━━━ Data for review ━━━

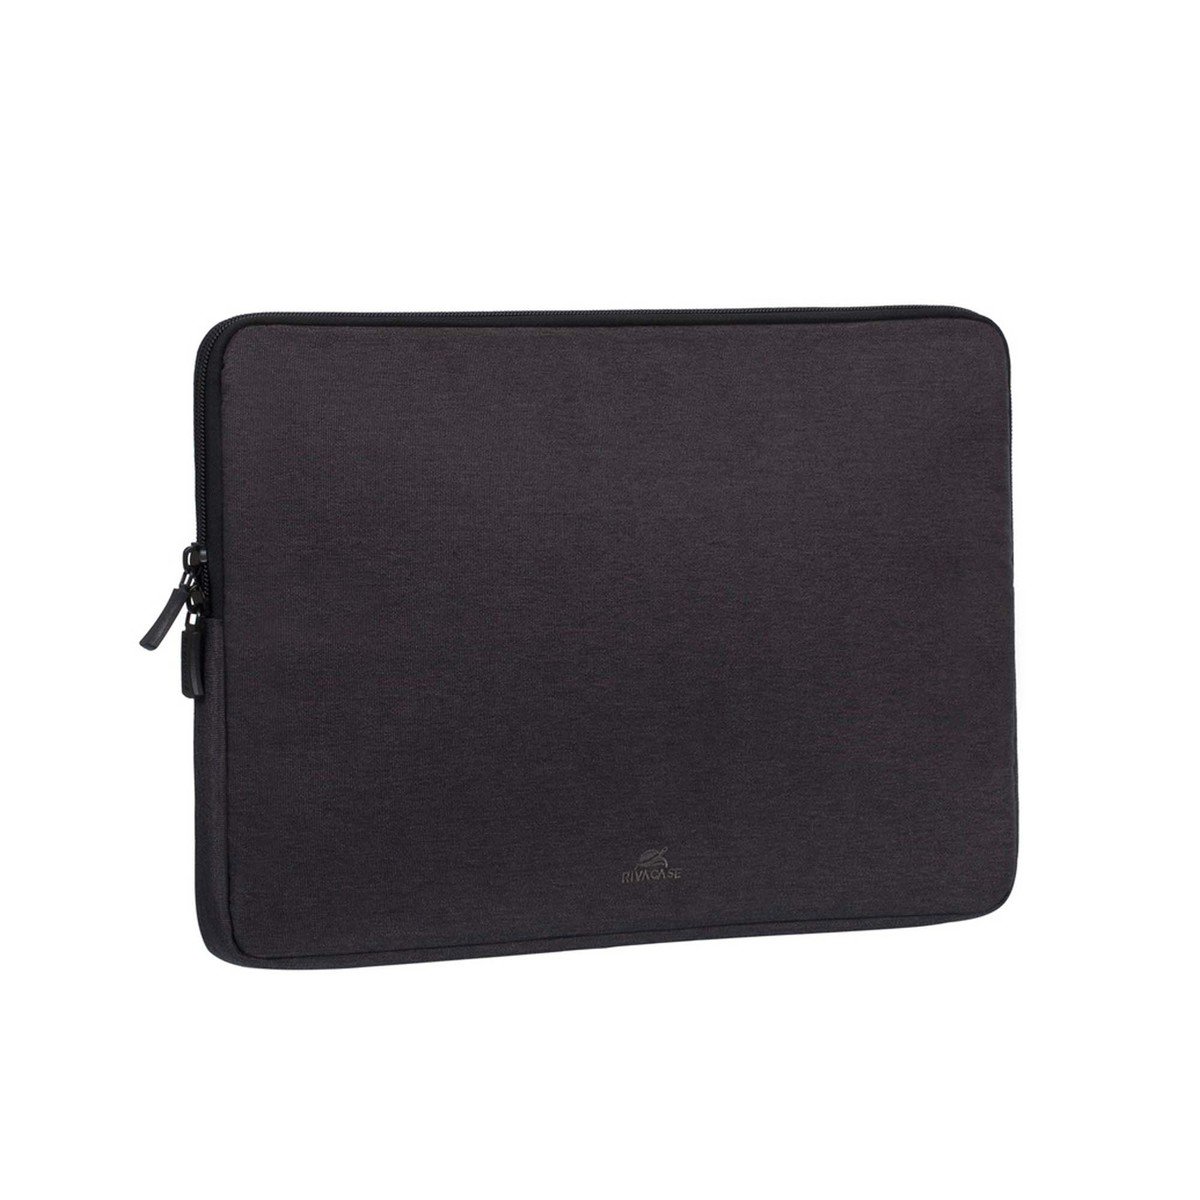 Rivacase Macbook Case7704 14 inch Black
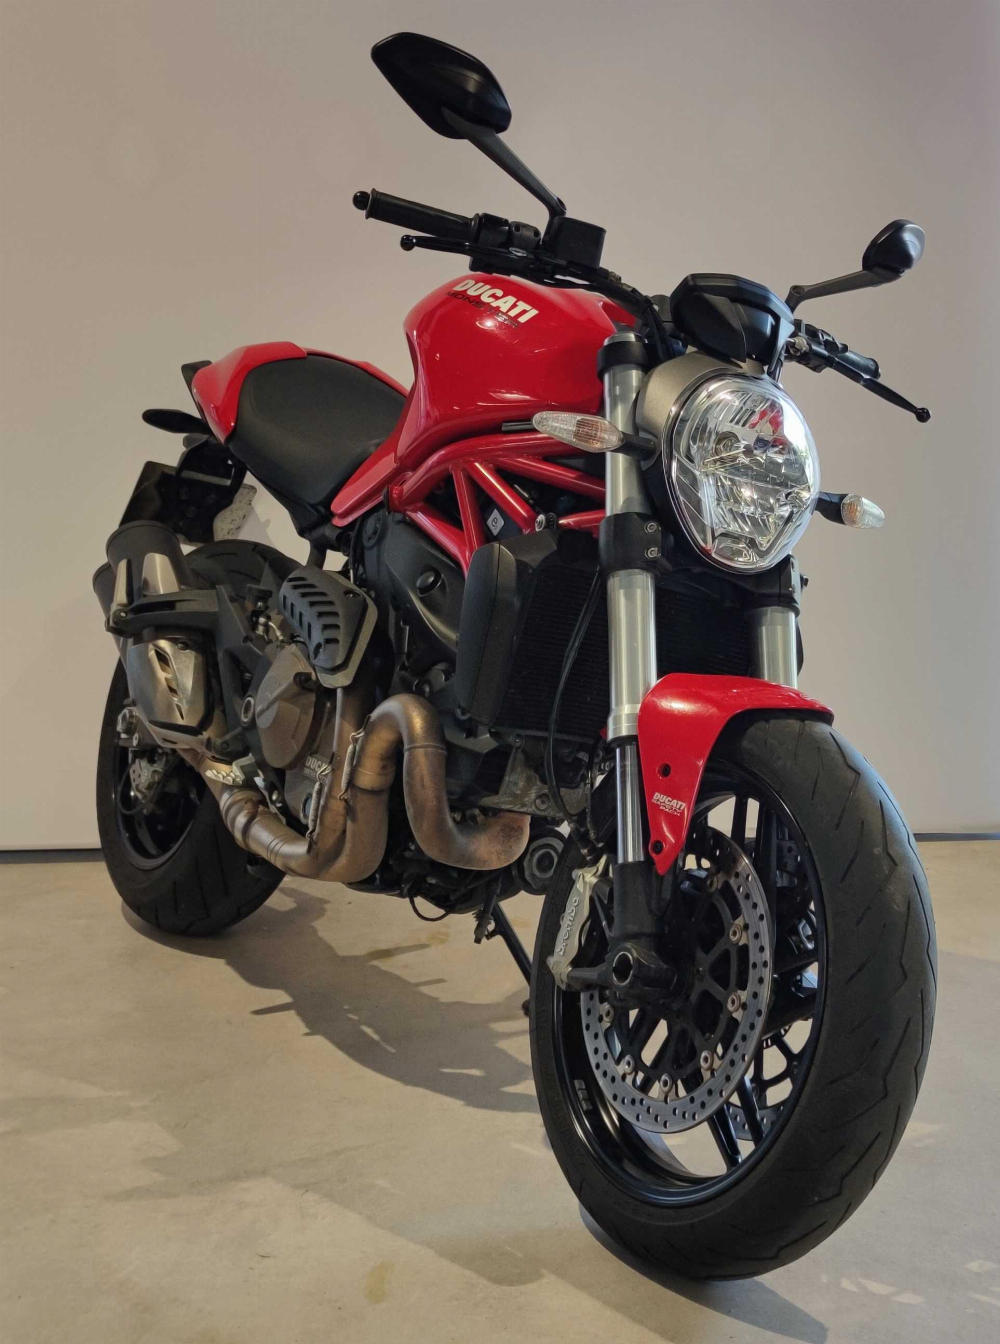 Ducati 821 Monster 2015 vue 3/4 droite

━━━
━━━ Data for review ━━━

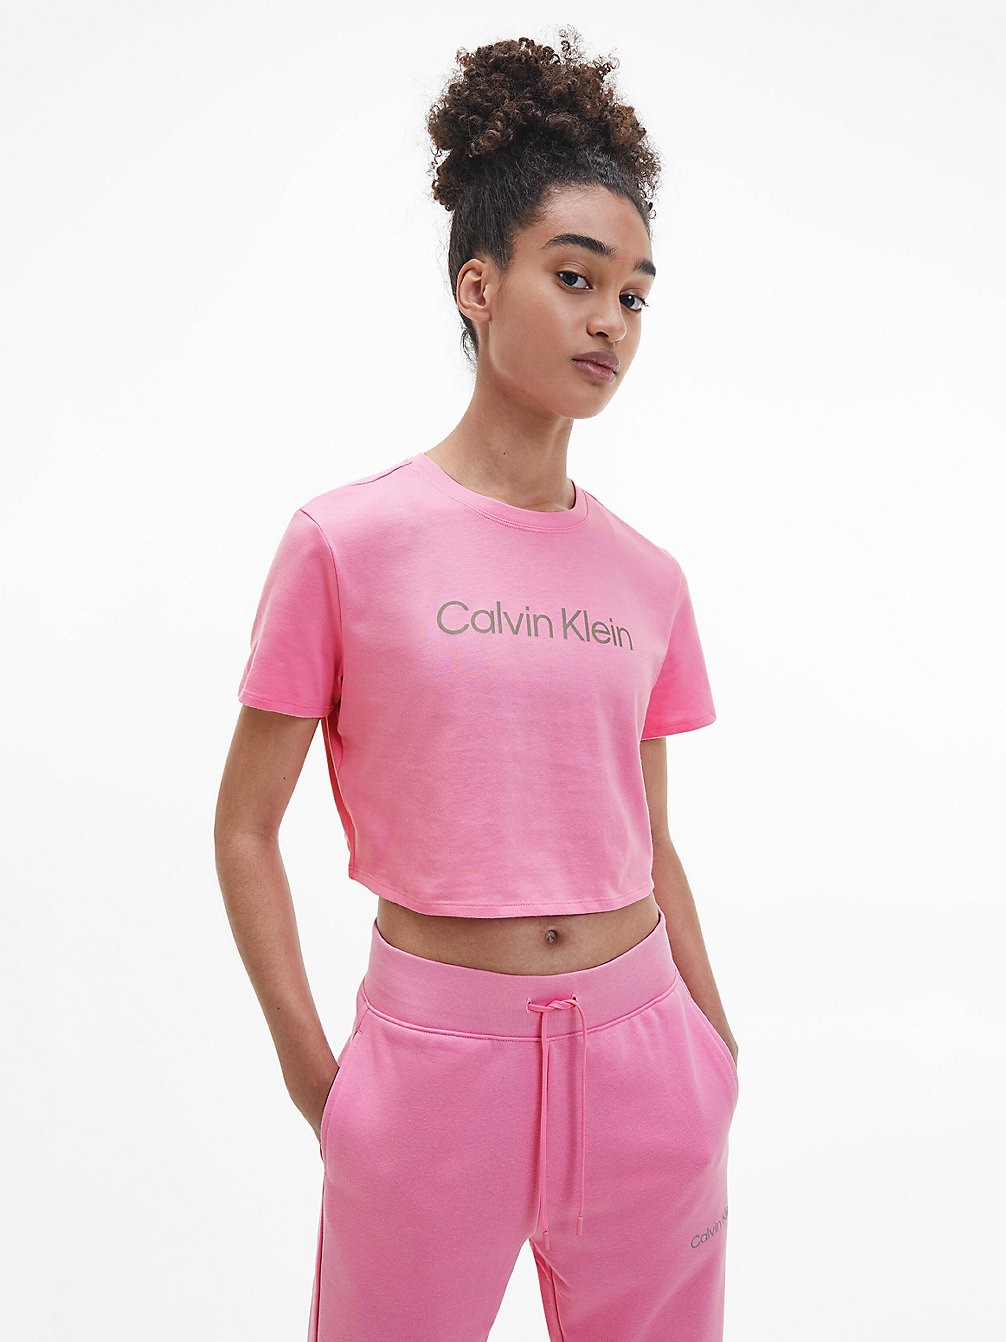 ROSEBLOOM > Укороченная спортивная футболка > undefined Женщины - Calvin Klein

━━━
━━━ Data for review ━━━

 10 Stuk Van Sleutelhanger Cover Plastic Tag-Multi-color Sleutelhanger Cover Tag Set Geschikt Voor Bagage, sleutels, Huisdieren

━━━

* [Task to carry out]: Give back, exactly and without pictures, the stretch of the records above from the line containing "Rivacase Macbook Case7704 14 inch Black" through the line containing "Ducati 821 Monster 2015 vue 3/4 droite", with both end lines included.

* [Problem solution]:
 Rivacase Macbook Case7704 14 inch Black
 Ducati 821 Monster 2015 vue 3/4 droite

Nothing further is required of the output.